Documents from that case obtained by BNET give a clear view for the first time of how U.S. firms can send badly worn airplanes overseas to developing world airlines that may not have the maintenance wherewithal to keep them safe. Airlines that many people from around the world -- maybe you -- will take.
It's important business to the $150 billion aircraft-leasing industry. The Air Philippines suit shows that big leasing companies, which thought they were protected by the terms of complex agreements, can find themselves on the losing end of huge settlements when serious accidents result.
The crash and how it happened
In April 2000, Air Philippines flight 541 crashed on a clear day, killing 131 passengers and crew. One official said that smoke came out of the plane while it was still in the air and preparing to make a second landing approach at a runway at Davao airport.

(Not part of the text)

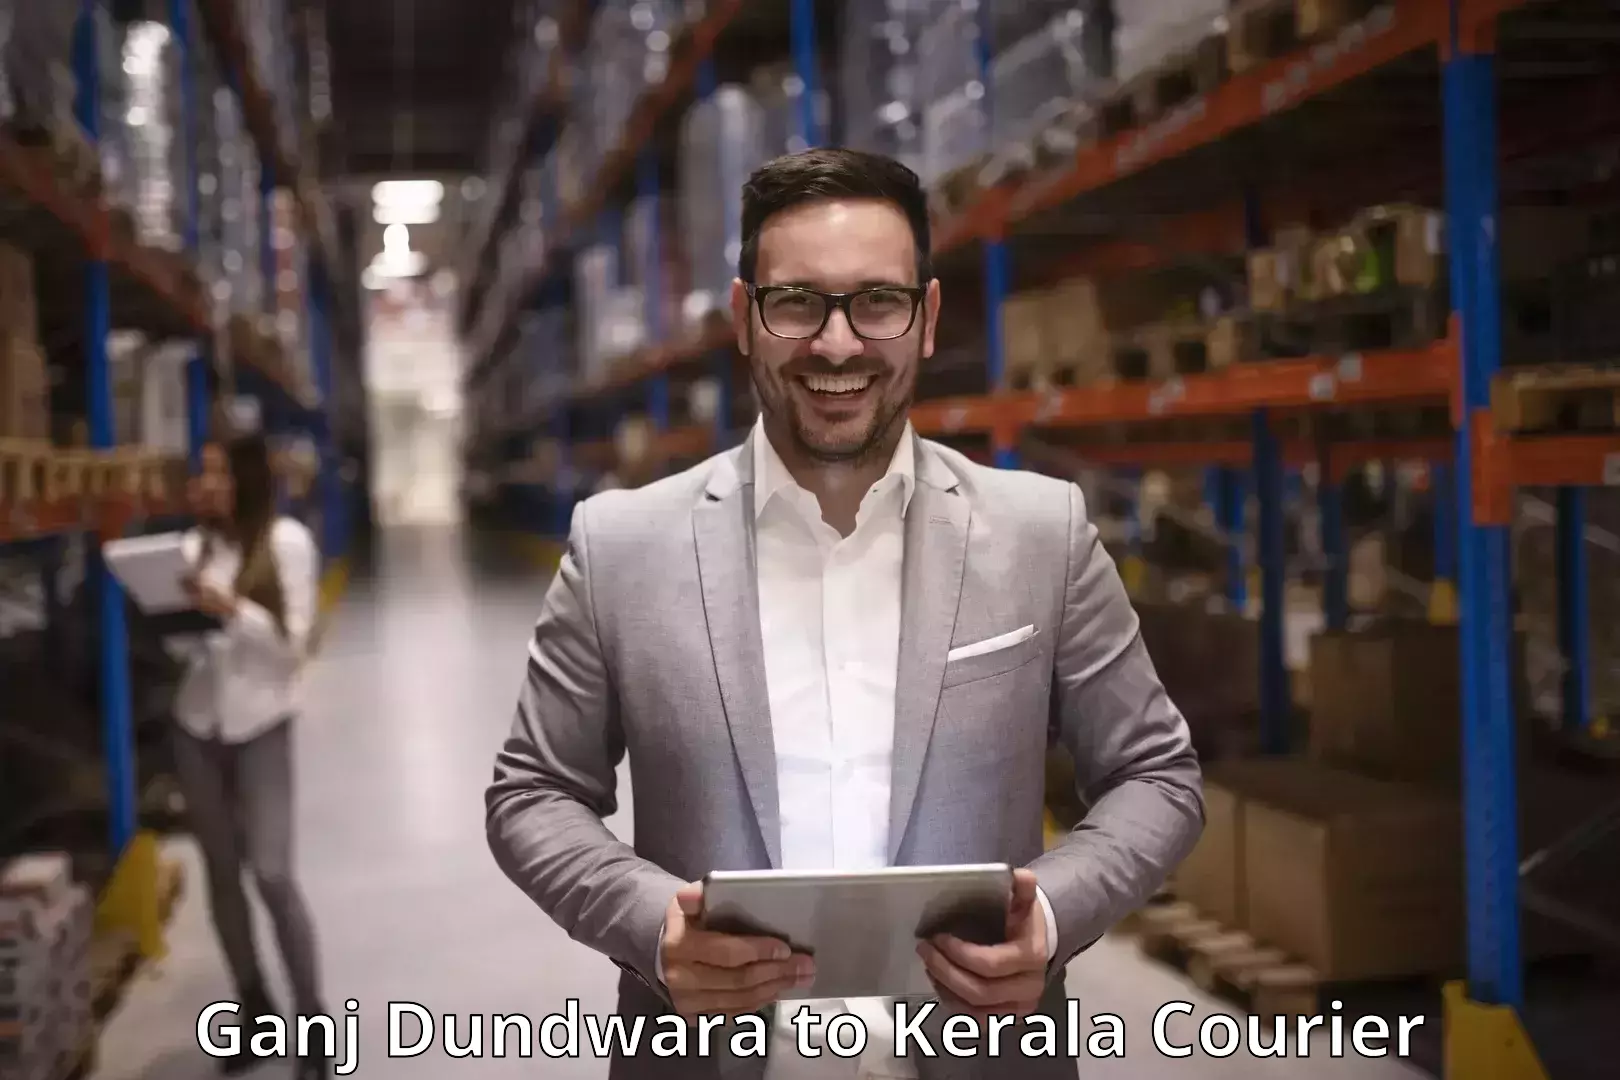 International courier networks Ganj Dundwara to Kerala

Originally, the Boeing 737-200 had been in service at Southwest Airlines (LUV). It was "worked extremely hard over its life" during the roughly 20 years Southwest operated it, according to a deposition taken from consulting aircraft inspector Sal Caracciolo of Avtrac Limited by aviation attorney Jerry Sterns, who represented the families of some of those killed on the flight.
As you might expect for any type of complex machinery, there's a regular maintenance program that requires various degrees of inspection. When still in Southwest's possession, the 737-200 came due for what is called a C-4 check, which requires the company to remove most of the panels on the outside of the plane and remove all the seats, galleys, and lavatories. It's a major -- and, according to Sterns, expensive -- procedure. Someone would have to examine the entire structure down to the welds.
"They decided not to do that and decommissioned it and put it out in the Arizona desert," Sterns told me.
Enter the leasing company
Southwest moved the aircraft to an Arizona boneyard, which is when aircraft leasing company AAR Corp. (AIR) considered whether to acquire the plane and lease it to a non-American airline. (If kept in the U.S., FAA regulations would have required the major inspection.) Avtrac inspected the craft for AAR. According to Caracciolo's inspection report:
Continued operation of this aircraft will undoubtedly result in an ever-increasing maintenance burden, and extended maintenance downtime.The inspector also wrote that "AAR should proceed with caution if considering acquiring this aircraft."
AAR decided to buy the craft and subsequently leased it to Air Philippines. Leasing is a popular option for the air industry. Airlines can buy planes without the large capital outlay upfront and leasing companies make a lot of money on the payments.
Doing the D-check
"They did some work on it and fixed it up, but what they did not do was a D check," Sterns says.
I asked AAR whether it makes any formal determination of whether an airline had the necessary experience and ability in maintenance to deal with such a worn plane. The company never made a spokesperson available nor provided a statement to address the question.
The plane crashed and plaintiffs alleged that the condition of the plane could have contributed to the accident. "Our expert said that it had several things wrong with it when it left the US that could have caused [the accident]," Sterns said.
Plaintiffs wanted to sue in the U.S. because of the potential for higher damage awards than in the Philippines. But that meant finding a U.S. company, and the only candidate was AAR.
According to Sterns, the leasing company tried to use a defense called "lessor out of possession." AAR claimed that the plane was not in its possession or control, and so it couldn't, under U.S. law, be held liable for accidents. But the AAR lease had a lot of conditions giving the company forms of control, Sterns says:
We can take the plane back at any time, we can have it grounded at any time, we can walk in any time, we can dictate the training of your pilots and we can keep back a maintenance reserve in case you don't maintain the plane.AAR agreed to a $165 million settlement.
What makes this case interesting is that it might foreshadow liability in more recent foreign-airline disasters. Sterns, who is not professionally involved in either case, points to two recent crashes that could attract similar treatment. In June 2009, a Yemenia Air plane crashed at sea, killing all but 1 person. The families of the victims filed suit against International Lease Finance Corporation, which owns a fleet of 1,000 aircraft and whose corporate parent is infamous insurance company AIG. An Air India Express crash in 2010 could potentially be another such case.
More business for plaintiff lawyers, and greater potential business uncertainty for leasing company executives who thought that they had walled their companies off from liability issues.